#### [Data extract]
>>>>
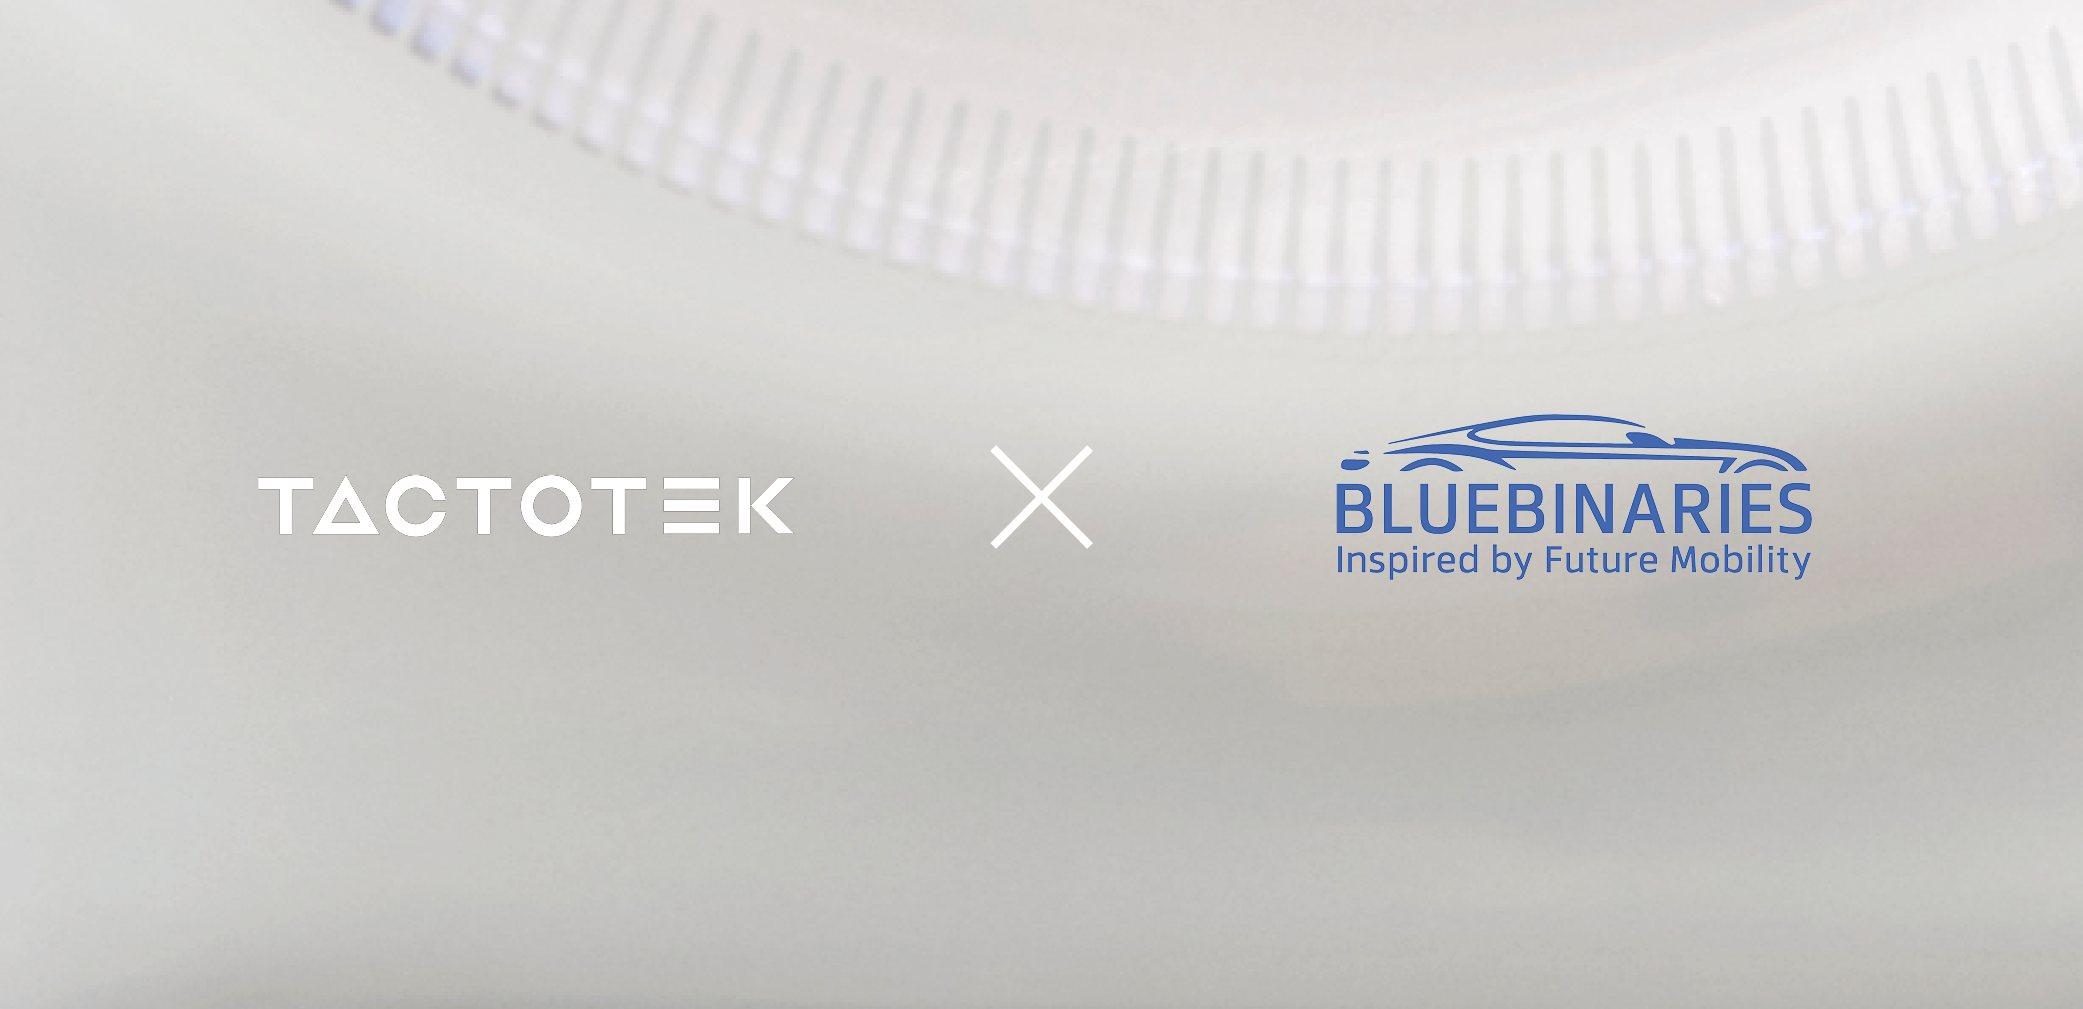 TactoTek and BlueBinaries logos
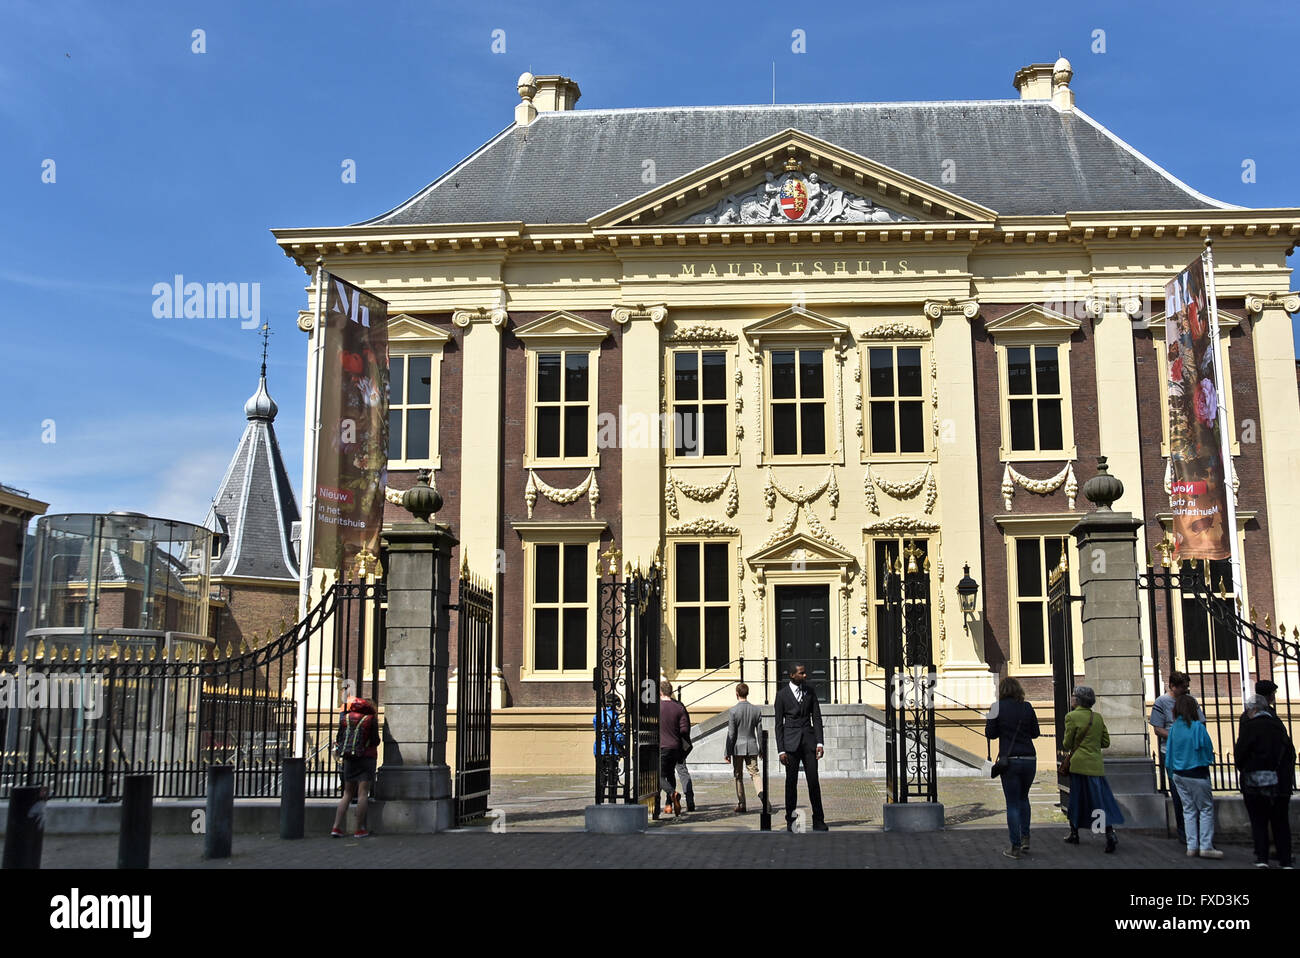 Mauritshuis Royal Picture Gallery (1633-44), La Haya, Países Bajos ( junto al Parlamento holandés Binnenhof ) Foto de stock
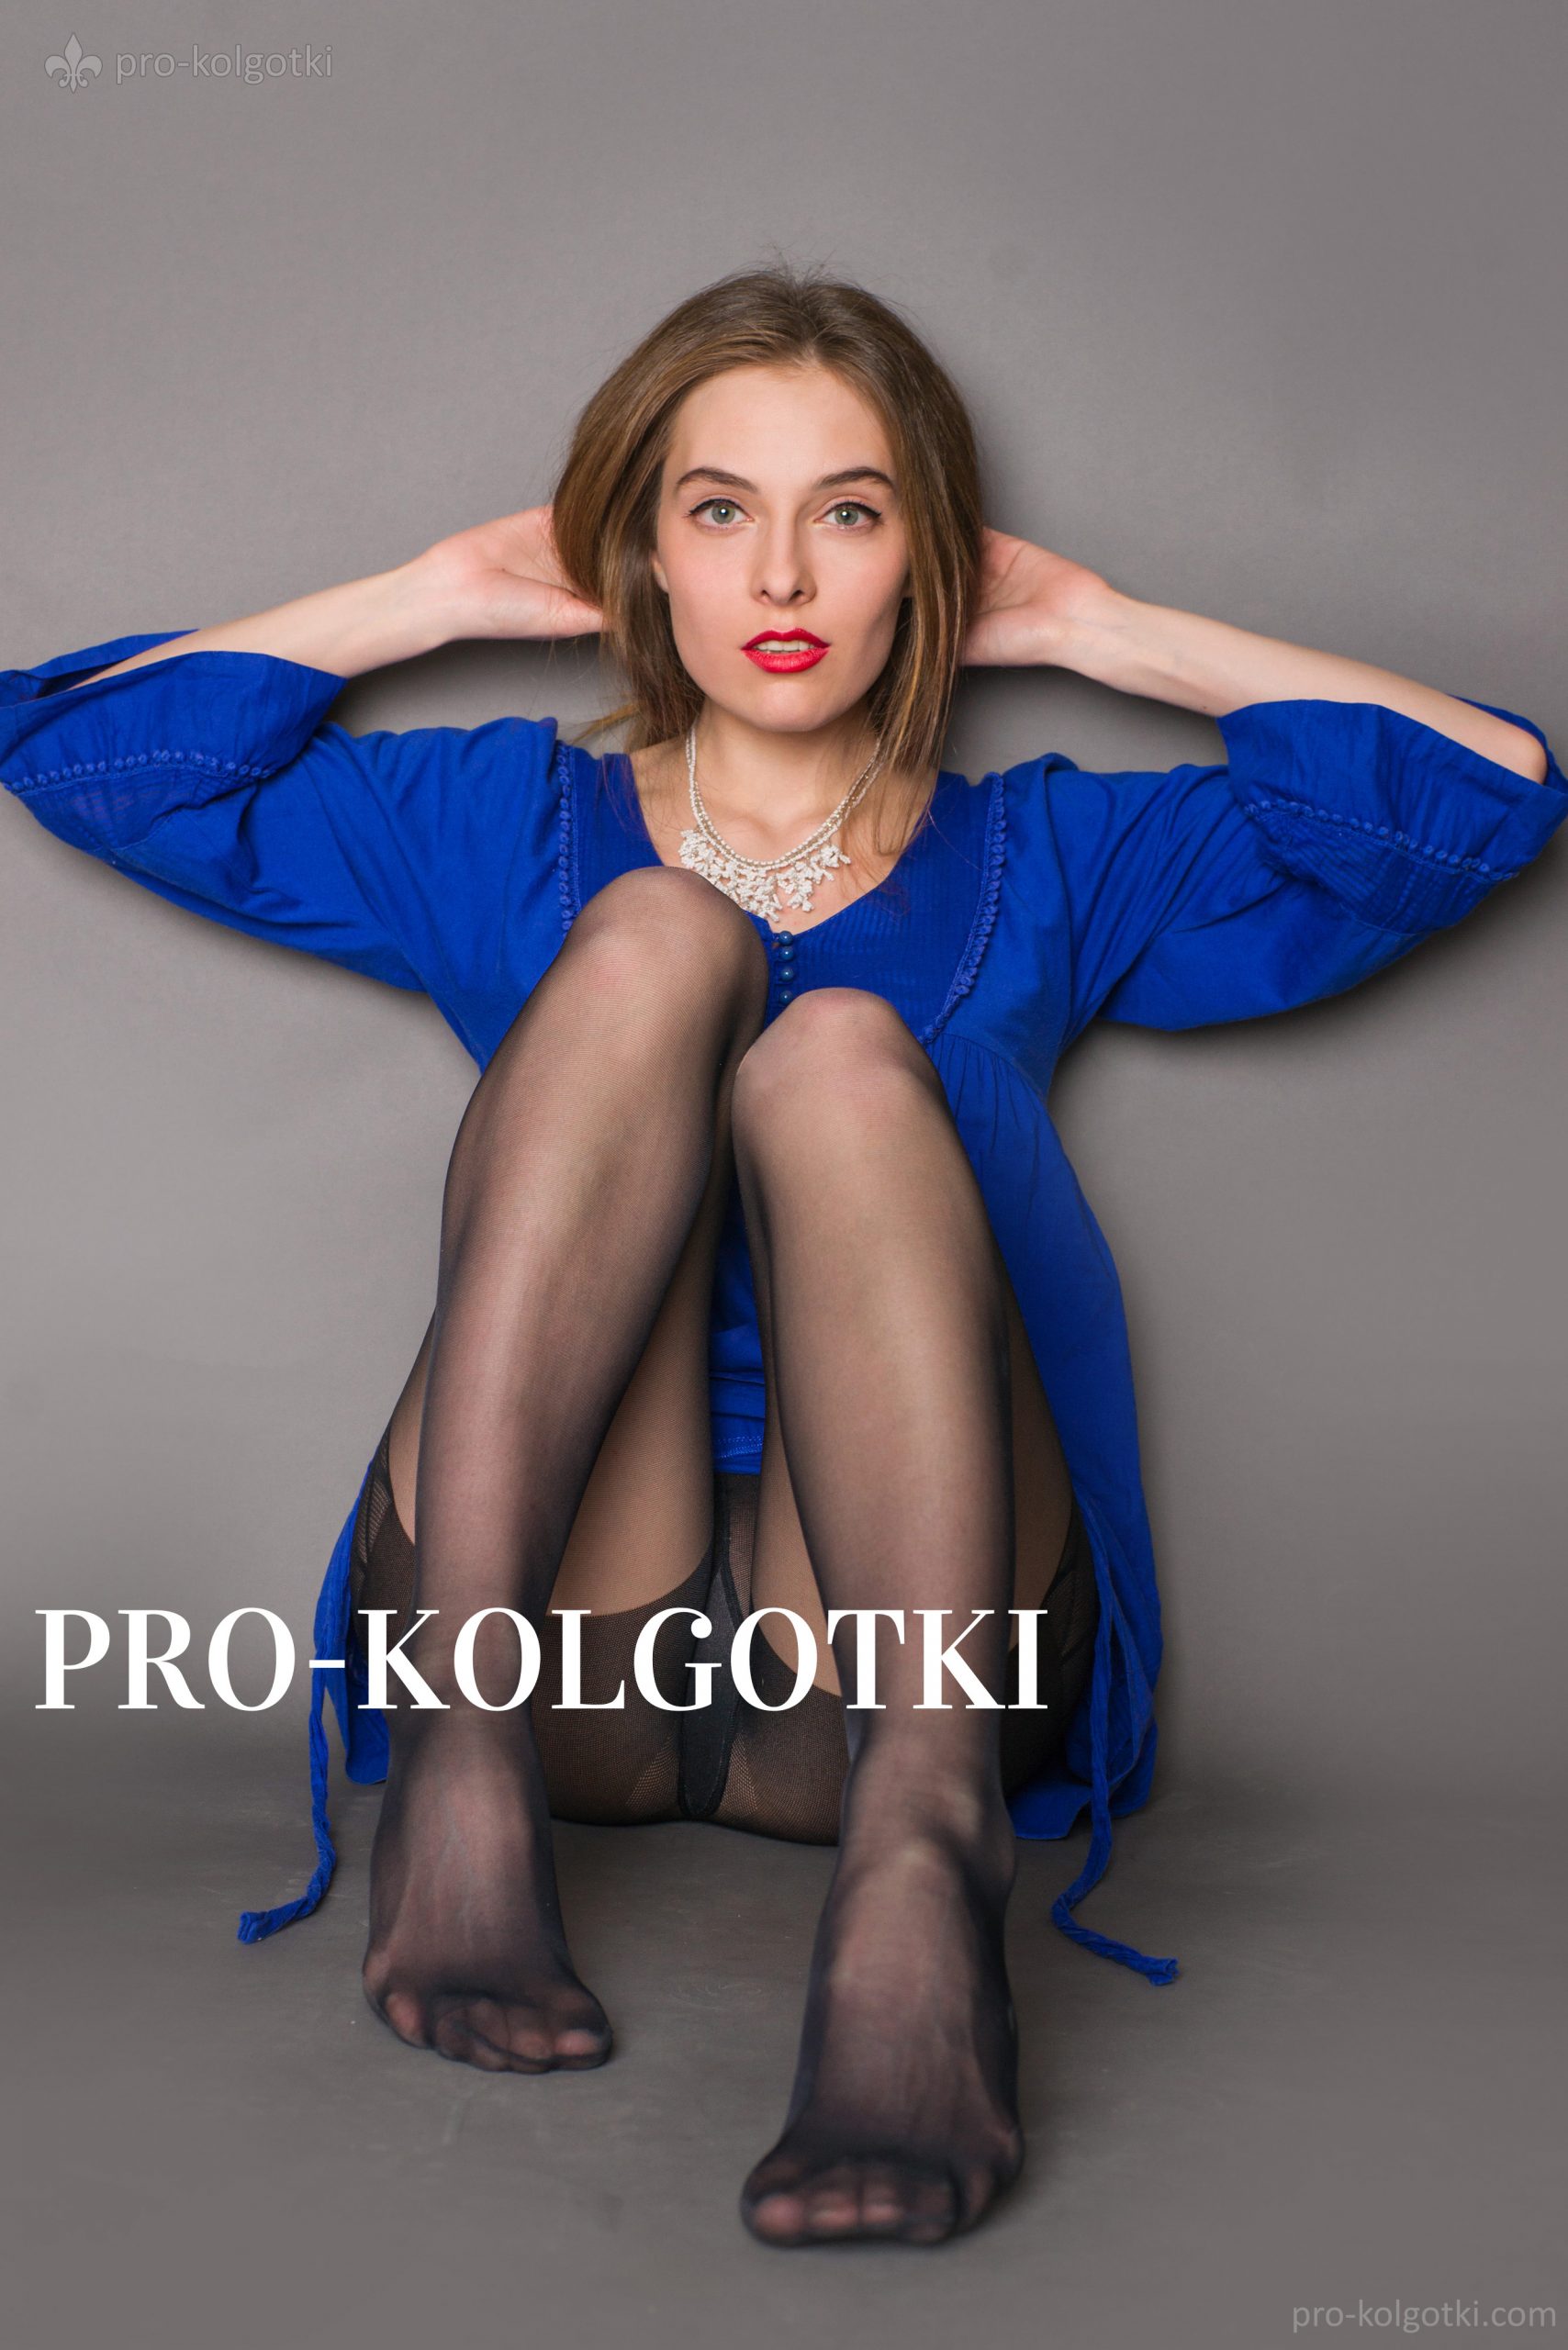 girls in pantyhose - photo from pro-kolgotki magazine May 2016 part 1
<<<<
Write the material out again exactly. Skip each picture.

#### [Task output]
 TactoTek and BlueBinaries logos
 Mauritshuis Royal Picture Gallery (1633-44), La Haya, Países Bajos ( junto al Parlamento holandés Binnenhof ) Foto de stock
 girls in pantyhose - photo from pro-kolgotki magazine May 2016 part 1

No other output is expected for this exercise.